-- Source information follows --

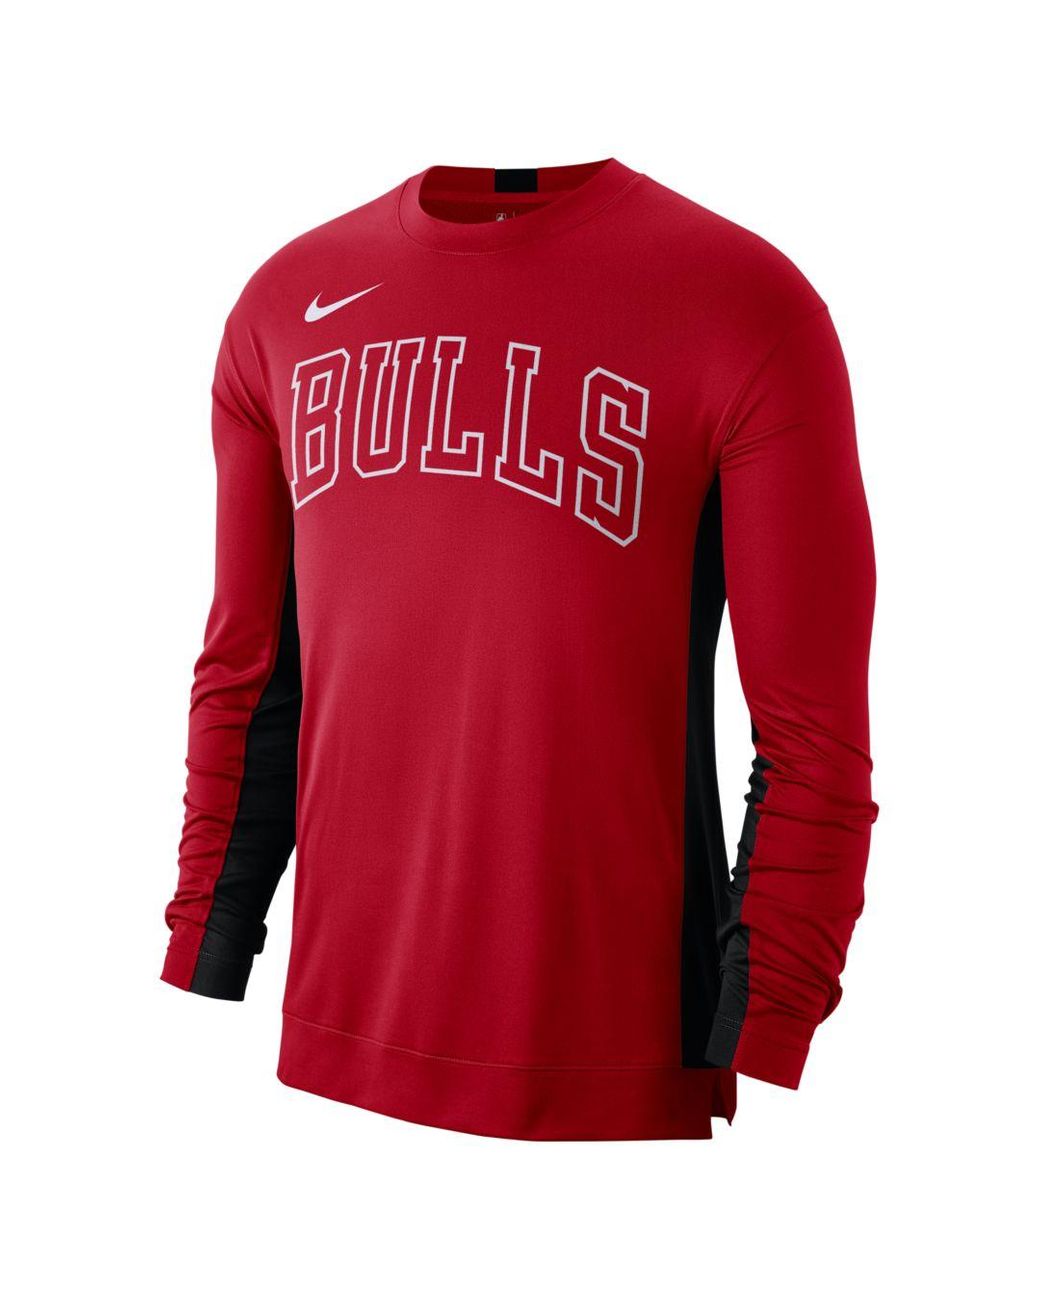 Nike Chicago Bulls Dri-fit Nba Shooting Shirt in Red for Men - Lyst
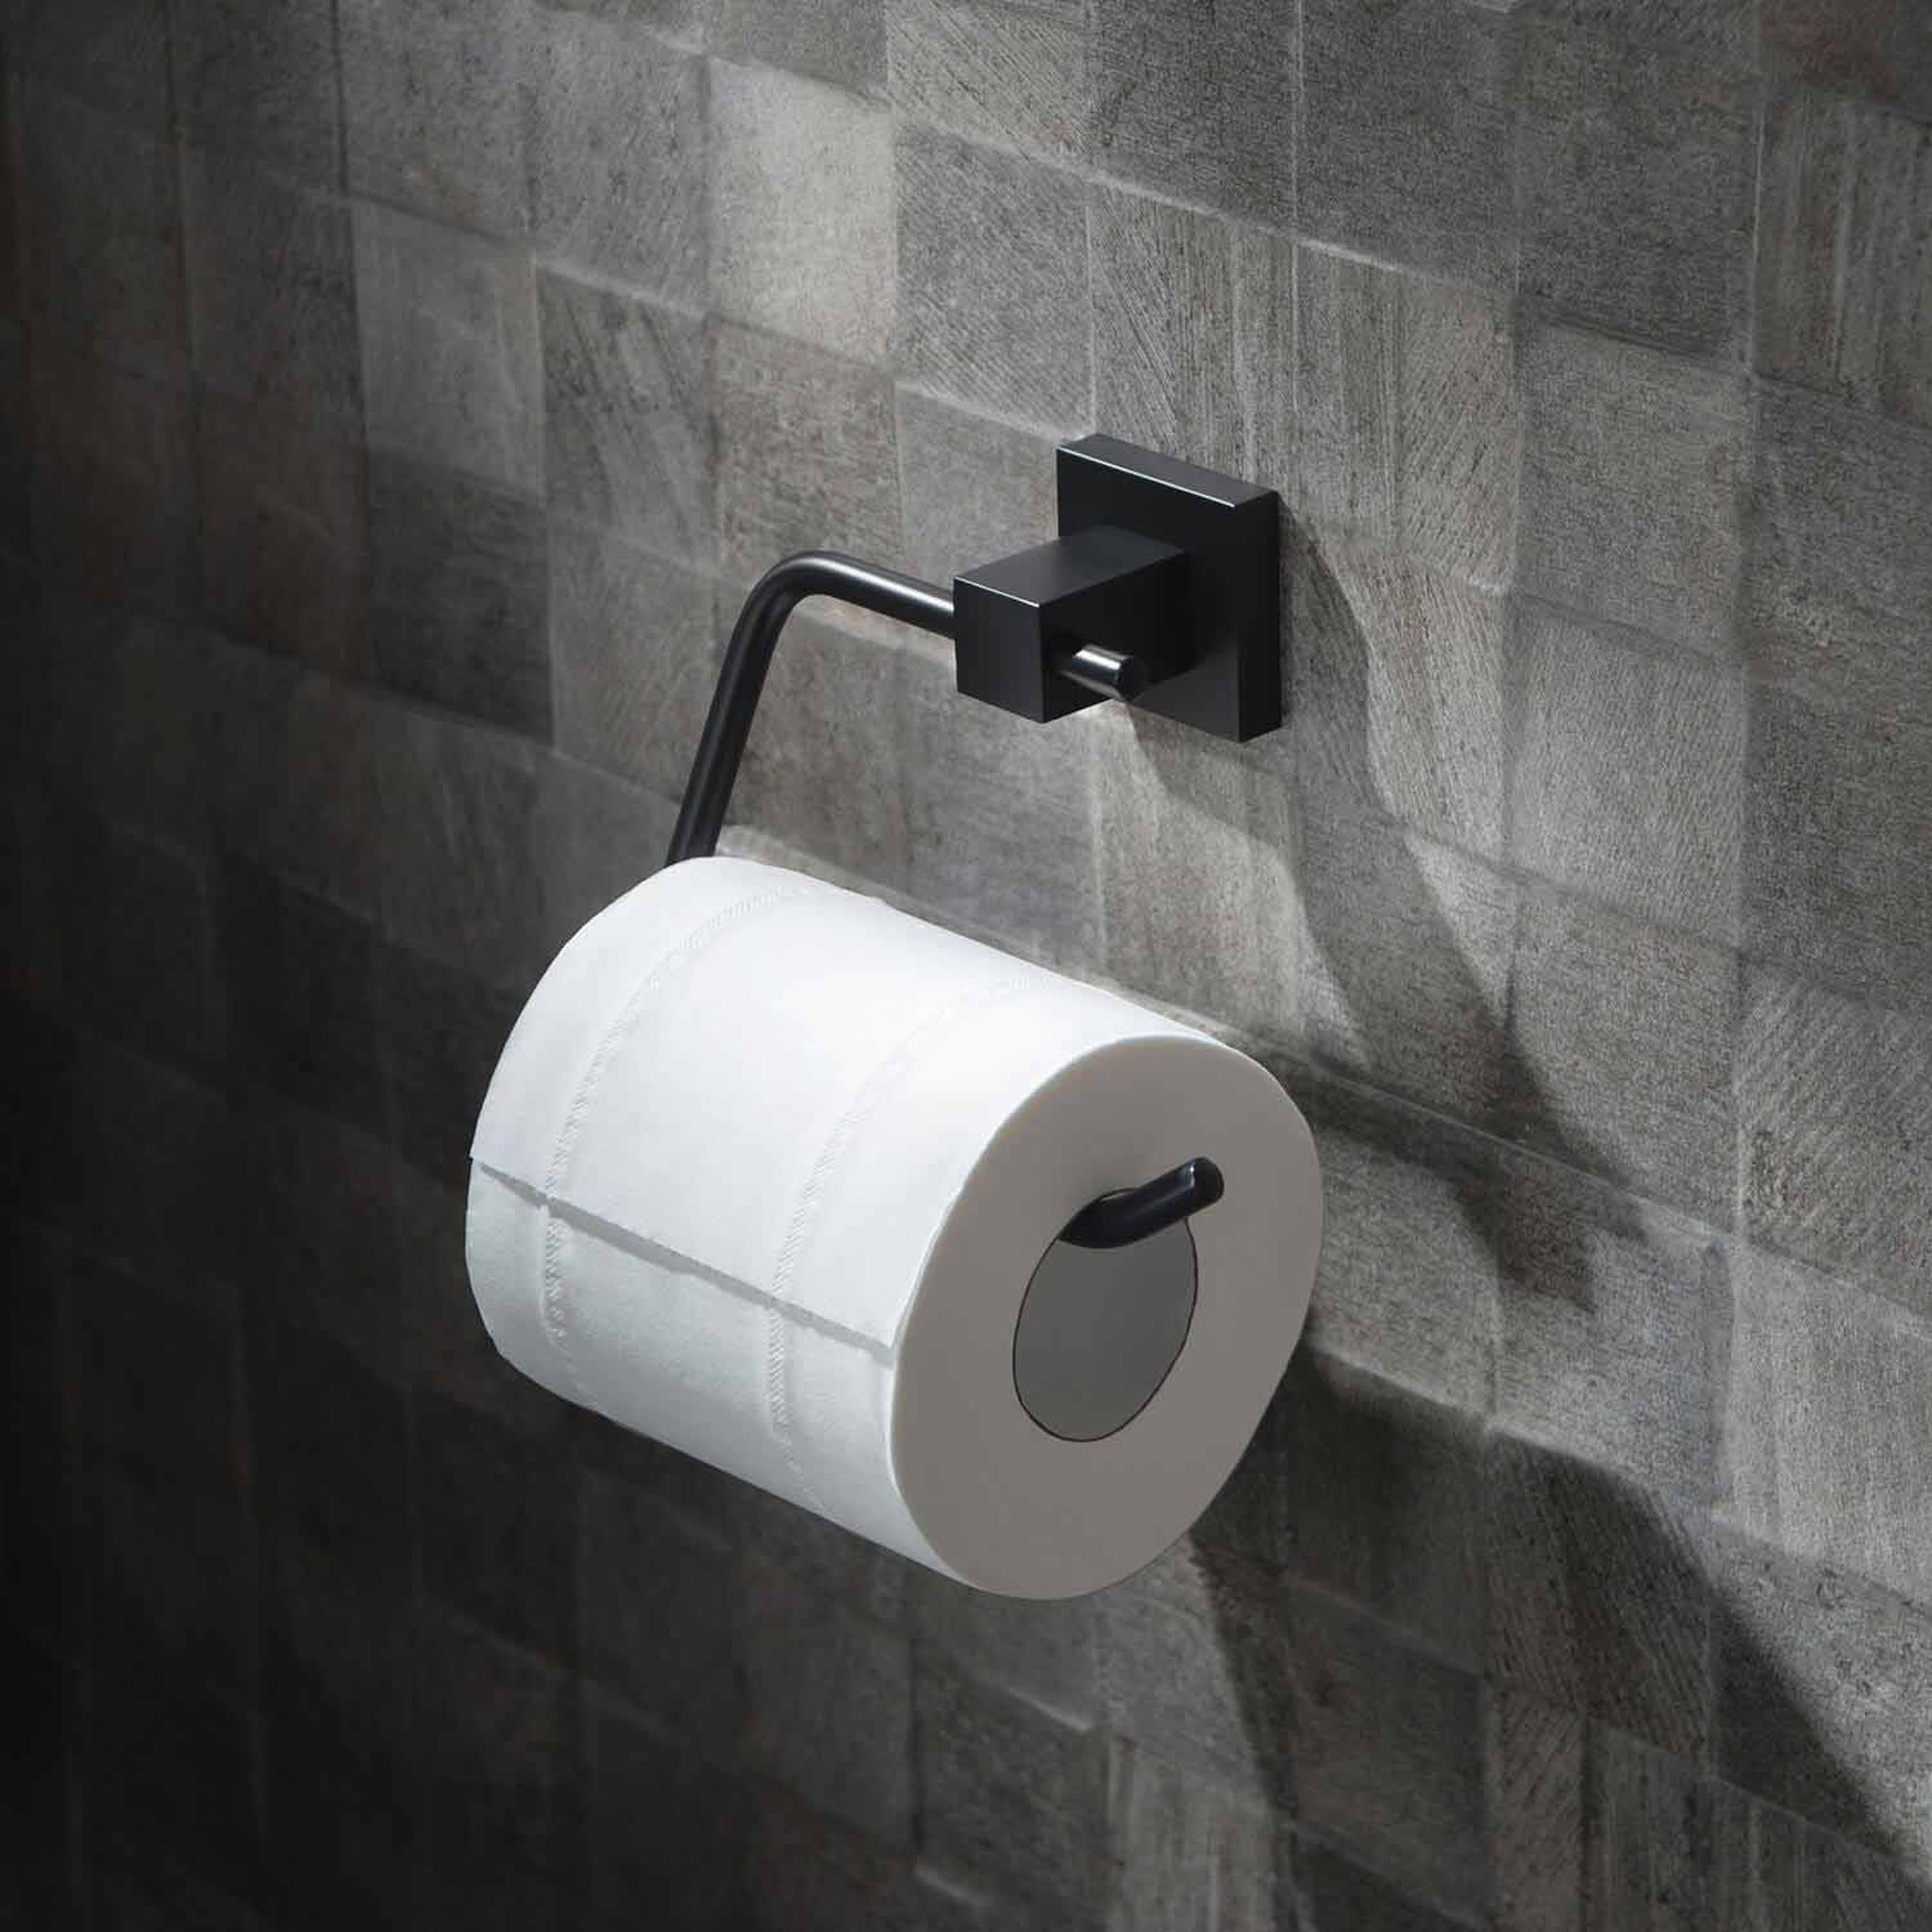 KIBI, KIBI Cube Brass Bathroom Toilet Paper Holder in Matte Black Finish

-- Source information concluded --
-- Source information follows --

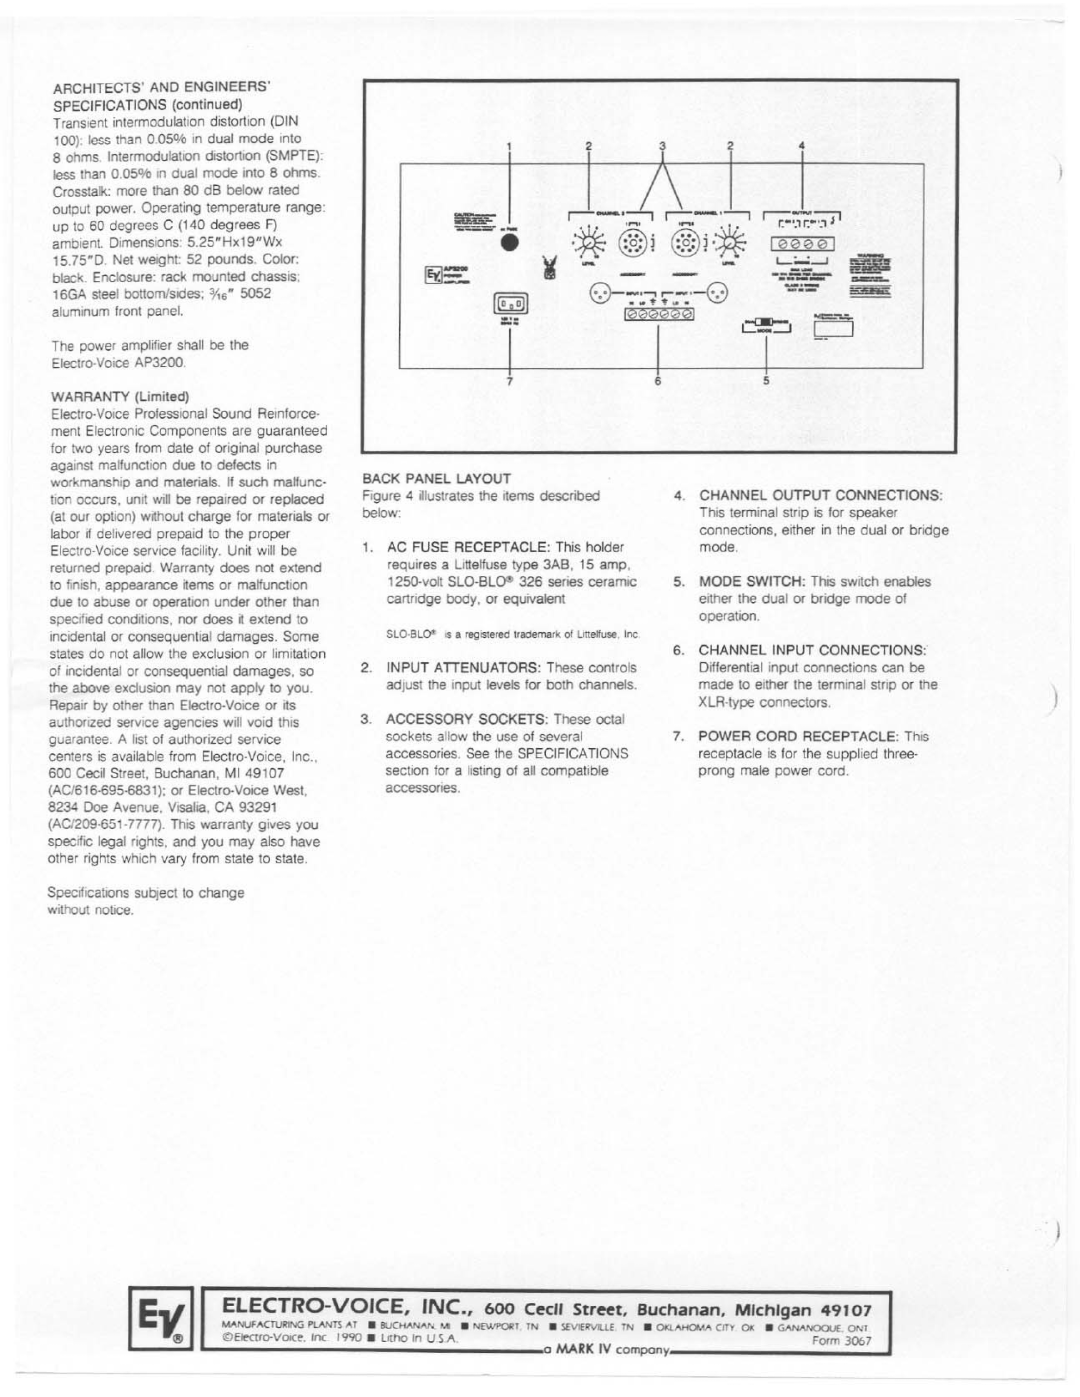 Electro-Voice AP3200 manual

-- Source information concluded --

What you should do:
Everything between and including the line above containing "Nike Chicago Bulls" and the line containing "KIBI, KIBI Cube" should be reproduced exactly, with pictures excluded.

Response:
 Nike Chicago Bulls Dri-fit Nba Shooting Shirt in Red for Men - Lyst
 KIBI, KIBI Cube Brass Bathroom Toilet Paper Holder in Matte Black Finish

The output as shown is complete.